Makes sense, right? However, in reality, the underlying mechanism is much more complicated, as the U.S. dollar's movements on a longer horizon depend on many factors in addition to short-term interest rates.
For instance, the currency value also depends on the respective economic prospects of the U.S. and the rest of the world, the current account balance and inflation outlook, among other things. Meanwhile, political developments in Washington and the recent trade spats between the U.S. and its major trading partners could also affect the attractiveness of the greenback.
As a result, the assumed strong appreciation of the dollar during the current tightening cycle has not materialised. Figure 1 shows the movement of the trade-weighted U.S. dollar index, which is a weighted average of the foreign exchange value of the U.S. dollar against the currencies of a broad group of major U.S. trading partners.
A higher value of the index indicates a stronger dollar. Although the index rose significantly in the run-up to the first rate hike of the current tightening cycle, it has not shown any conspicuous upward trend since then. In contrast, it fell by nearly 1% since the beginning of 2016 despite the recent surge.

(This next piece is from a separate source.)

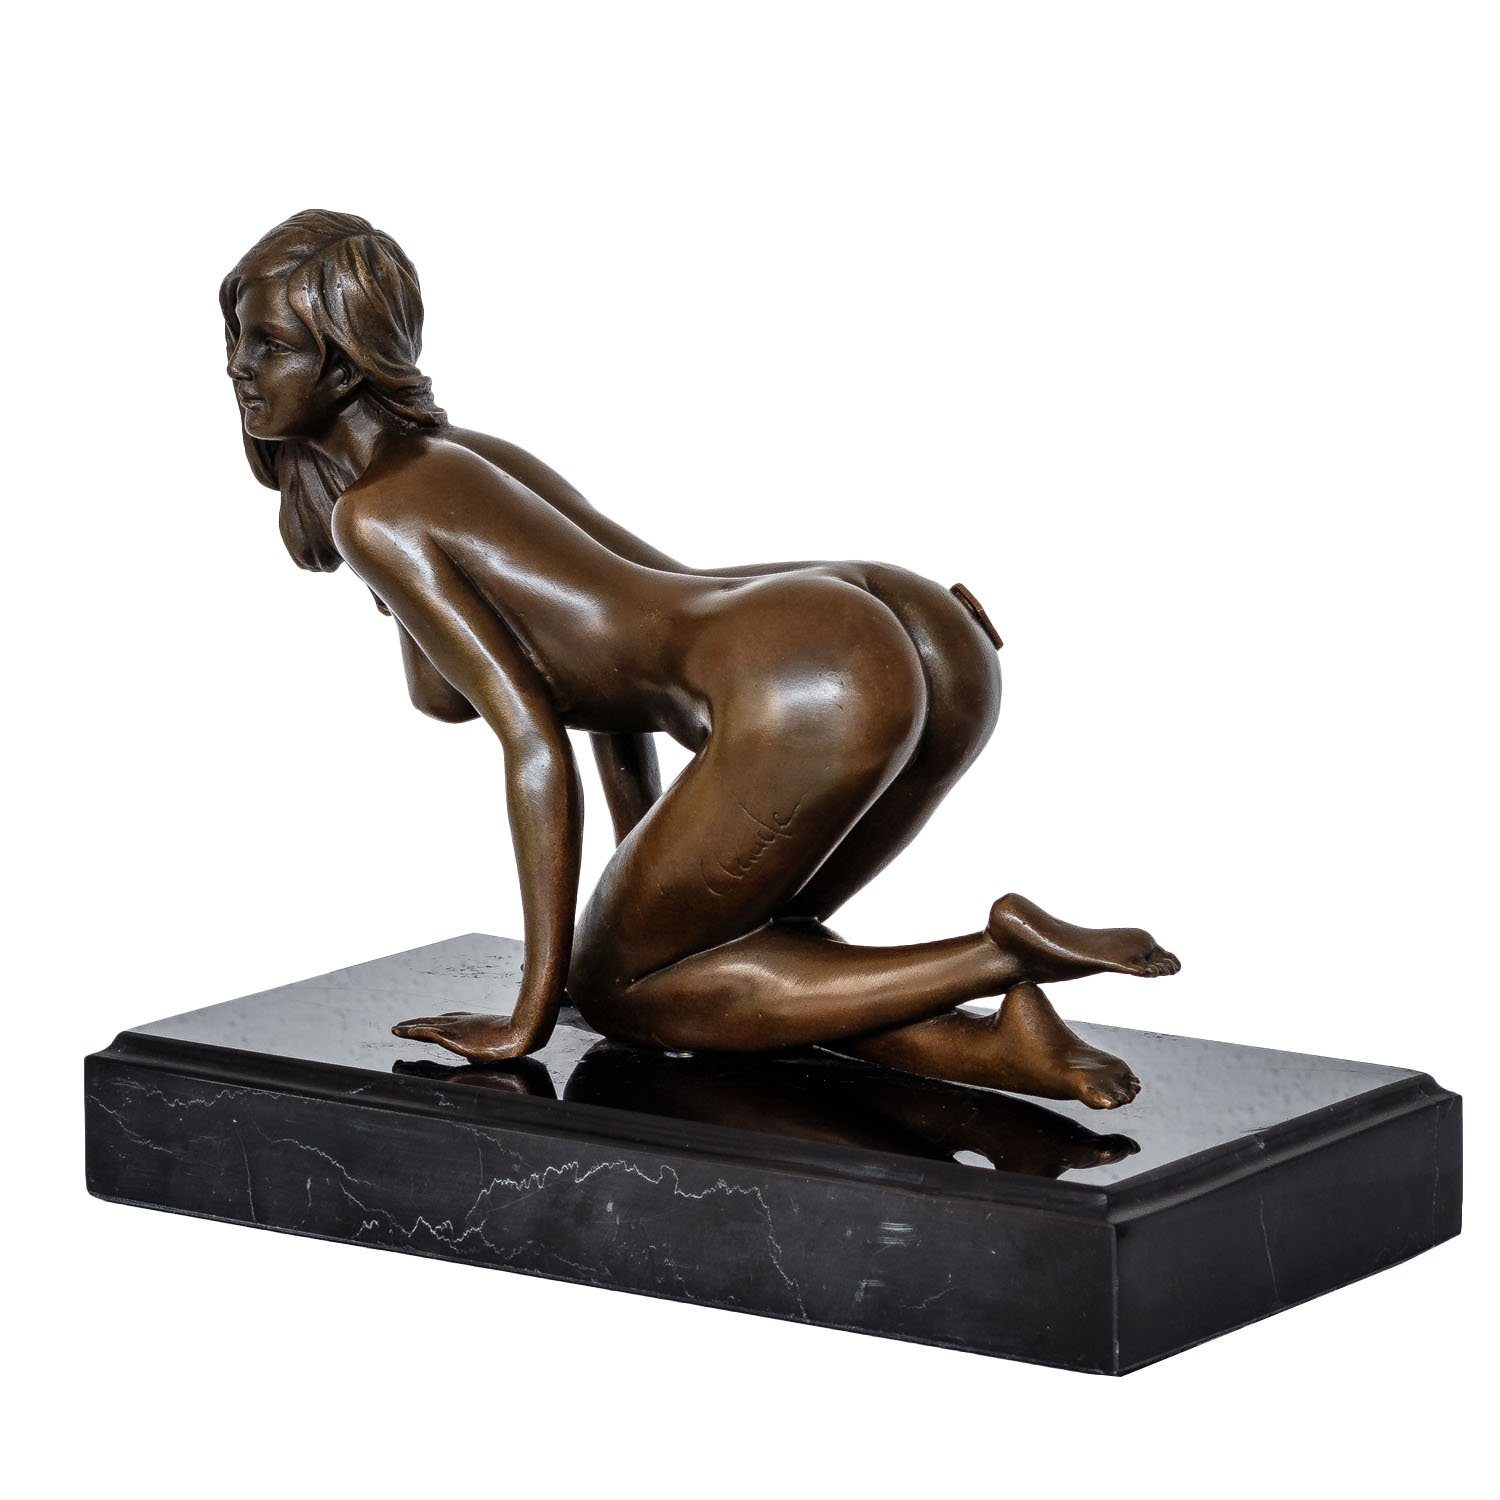 Aubaho Skulptur Frau Figur Kunst Erotik 21cm Bronzeskulptur im Bronze Antik-Stil
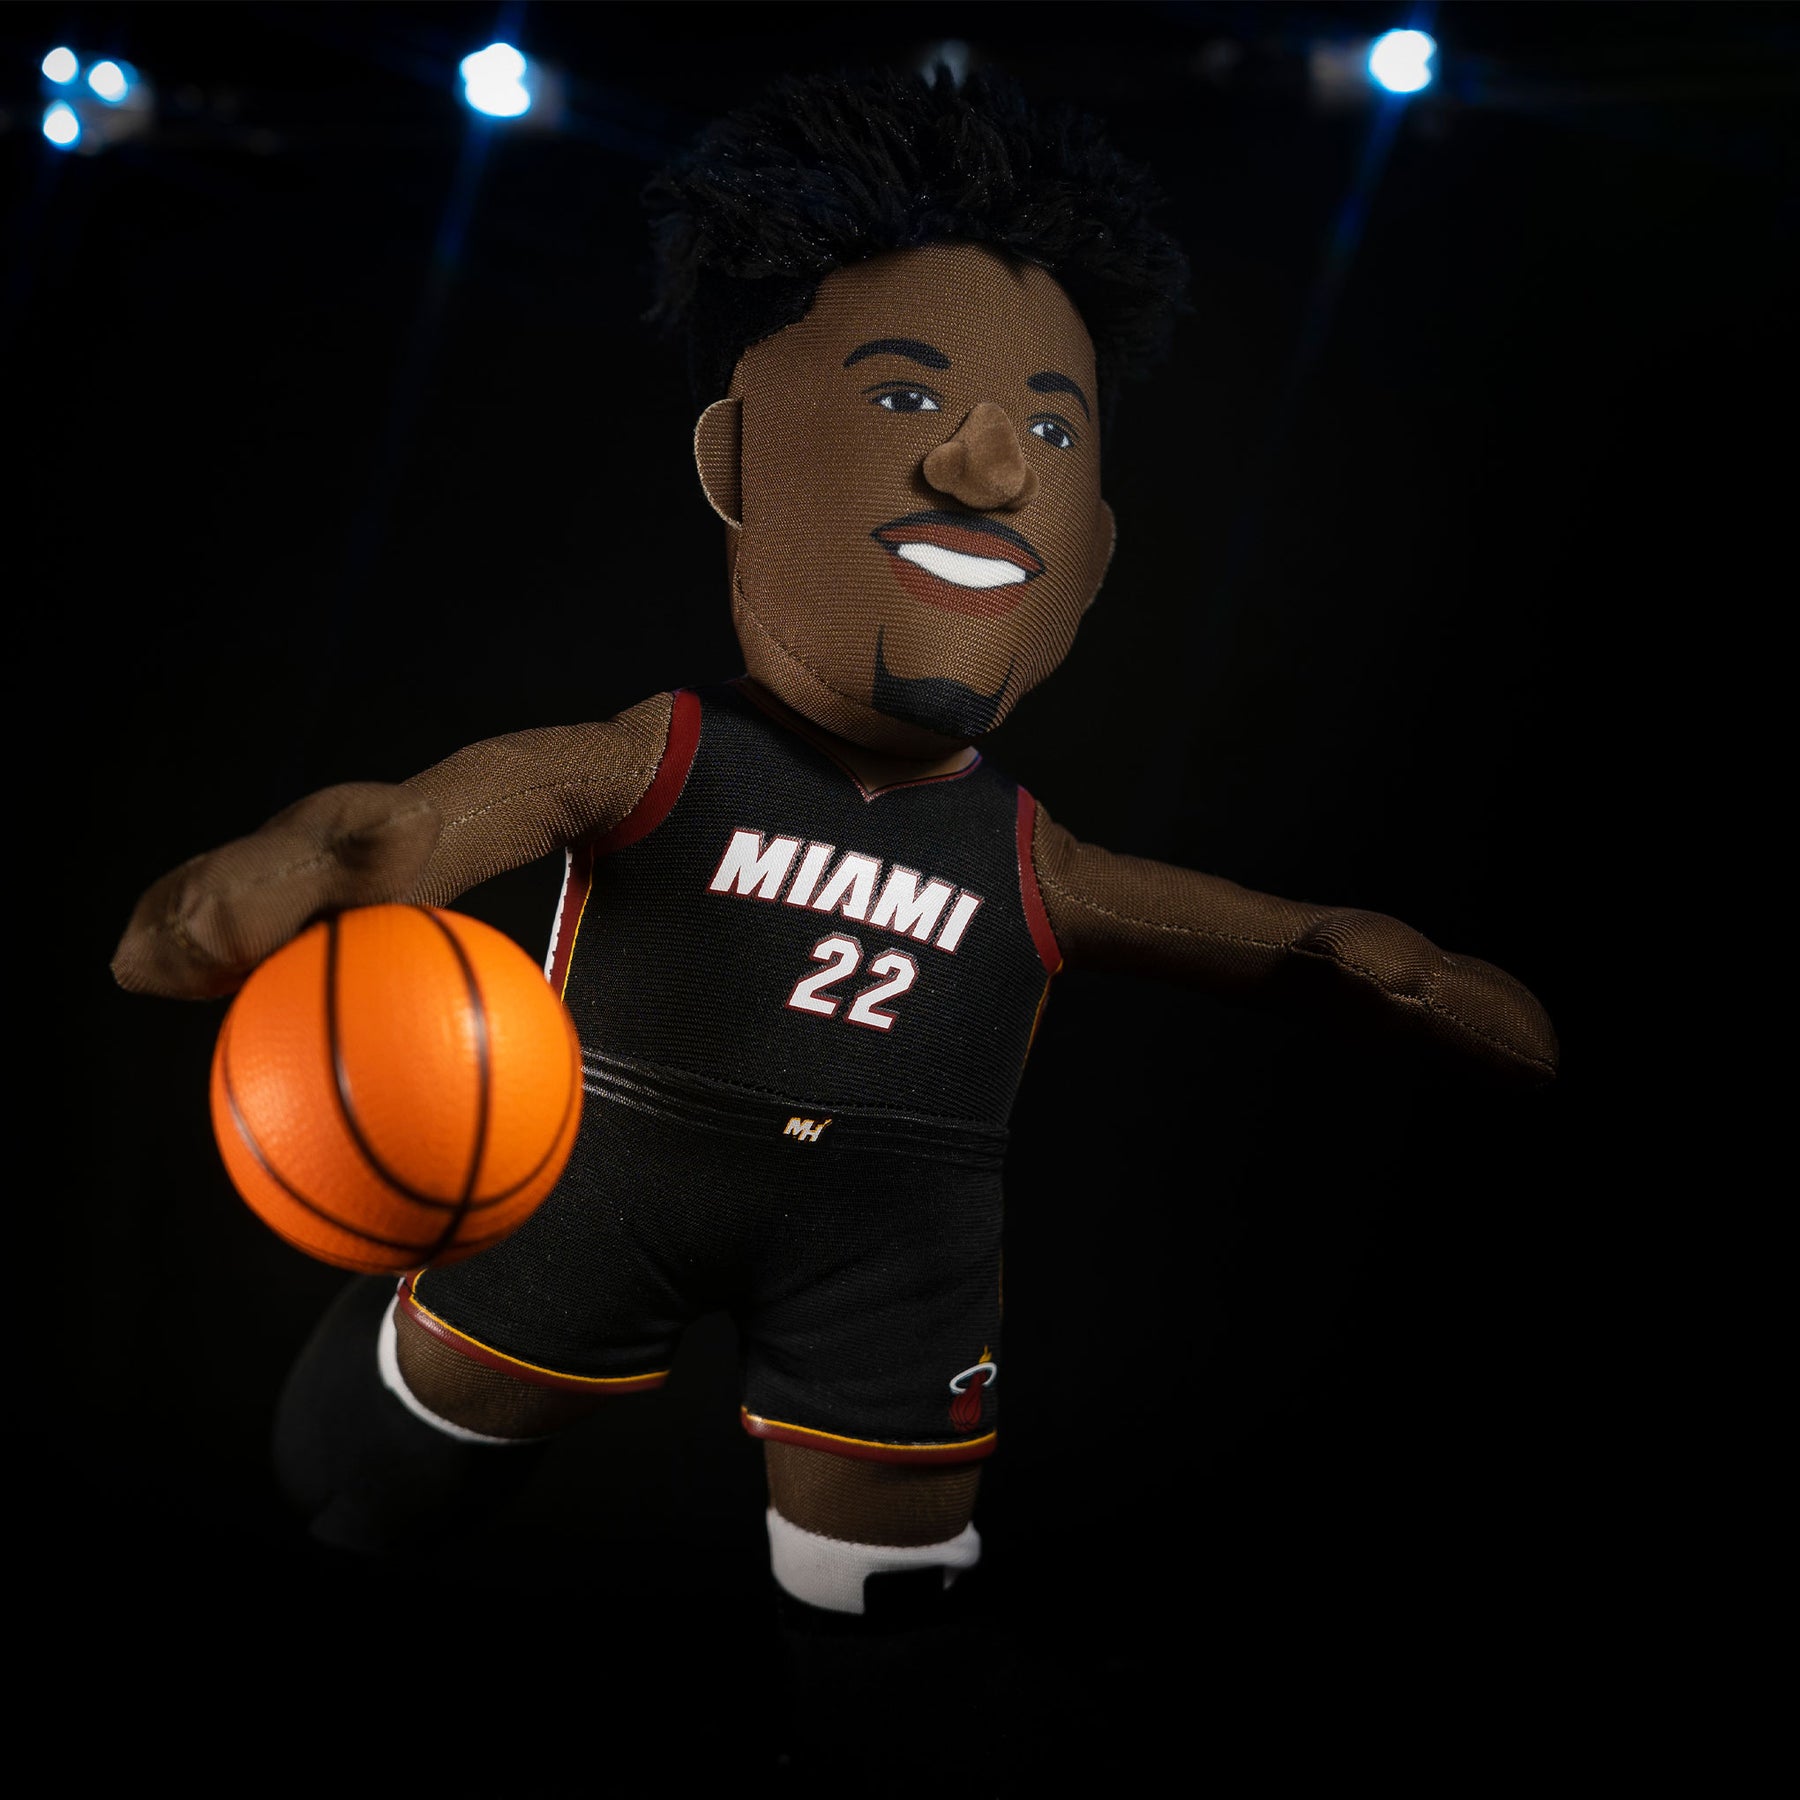 Miami Heat Jimmy Butler Plush Toy

A rate hike doesn’t guarantee a rise in the dollar. And if someone tells you that a currency is going to appreciate solely because of higher interest rates, think again. But one thing is certain: as the U.S. is set to lift interest rates further, commercial banks in Hong Kong are one step closer to increasing their prime rates, which have remained virtually static since 2008.
In terms of the domestic economy, higher interest rates will have negative impacts on consumption and investment. While Hong Kong’s economy registered strong growth in the first quarter, up 4.7% compared to a year earlier, we should perhaps be prepared for rainy days.